To complement a harmonic analysis, it can be useful to play back the animated visual recording of the chord sequence in the ‘curated songs’ section (if there is a recording/analysis for that song). Note that by contrast automatic analyses using the “songs from the web” panel cannot in general be relied on for accuracy - see below for details.

This section summarises basic tips for playback. (By contrast, to understand how to create your own analyses, and the analytic rationale, see here).

Playback of any chord sequence from the ‘Curated Songs’ section can provide a lot of information about harmonic structure visually. A good way to start to make sense of all this is probably to read the analysis in words of several songs first.

Harmonic information is embodied in:

  • the spatial path of the chord sequence (as made visible using the live arrows or arrow recap buttons)

  • on-screen annotations of the trace

  • physical movements of the key window (made visible in the separate mode arrow trace)

  • changes in the mode (made visible by movements in the position of the red ring relative within the key window)

  • changes in the extended mode (made visible by on-screen mode annotations)

  • the 3-D shape of each chord relative to the key window position

To focus visually just on the root path, use the trace root button – to watch moment by moment chord qualities, unselect both trace root and trace all buttons. The root path alone compresses a surprising amount of information, because unless the root is annotated with a label for its chord quality, the chord quality will just be the natural chord quality (i.e thirds-stacked diatonic quality) for that, position in the key window. Using the “water filling metaphor” described here, it is not hard to learn how to read these off visually (along with an array of associated harmonic realtionships) visually.

On completion of playback (but not before) you can use Print Chords to see a conventional functional harmonic analysis (in alphabetic or roman notation).
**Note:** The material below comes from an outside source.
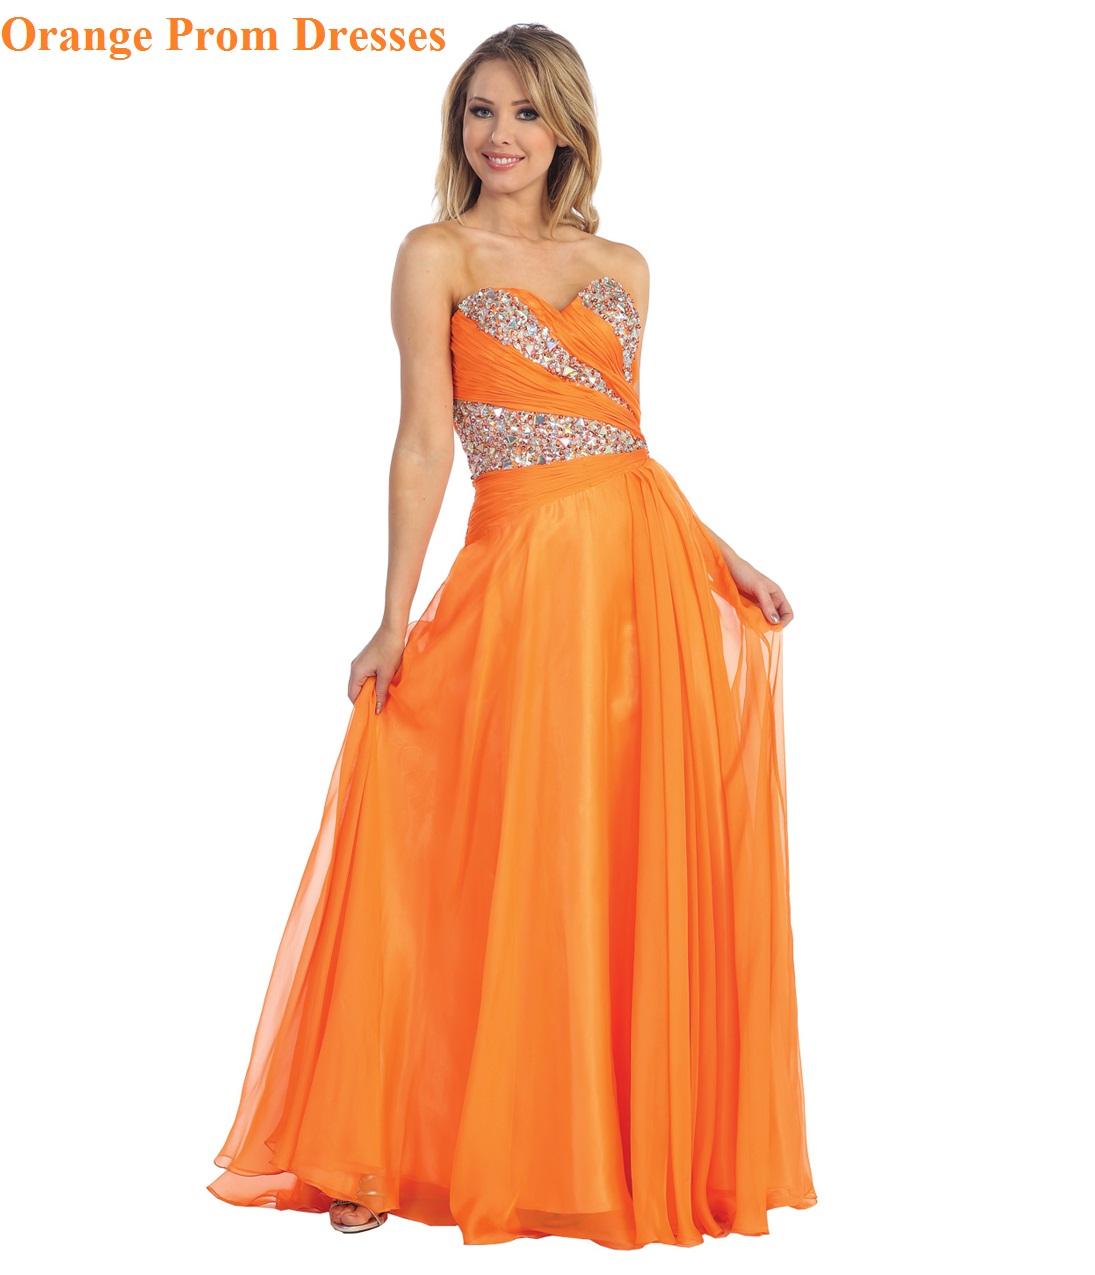 Orange Prom Dresses - Orange Dresses for Prom ~ Simply

Harmonic analyses are always provisional – interpretations can vary

By contrast with songs in the curated songs section, pieces in the chords from the web section have not been actively analysed harmonically. The chords sequences collected from online databases are not always accurate, and the notation of keys and modes found there can also be of variable quality. The spatial traces used to display pieces in this section are generated heuristically only, and may not reflect musical insights well. However, harmony space makes it relatively easy to identify errors in key and mode attribution visually, and to find the right key and mode visually by trial and error. The editor for the chords from the web section can be used to make corrections and resubmit the corrected version to the Choco database (resubmission system is currently in beta testing).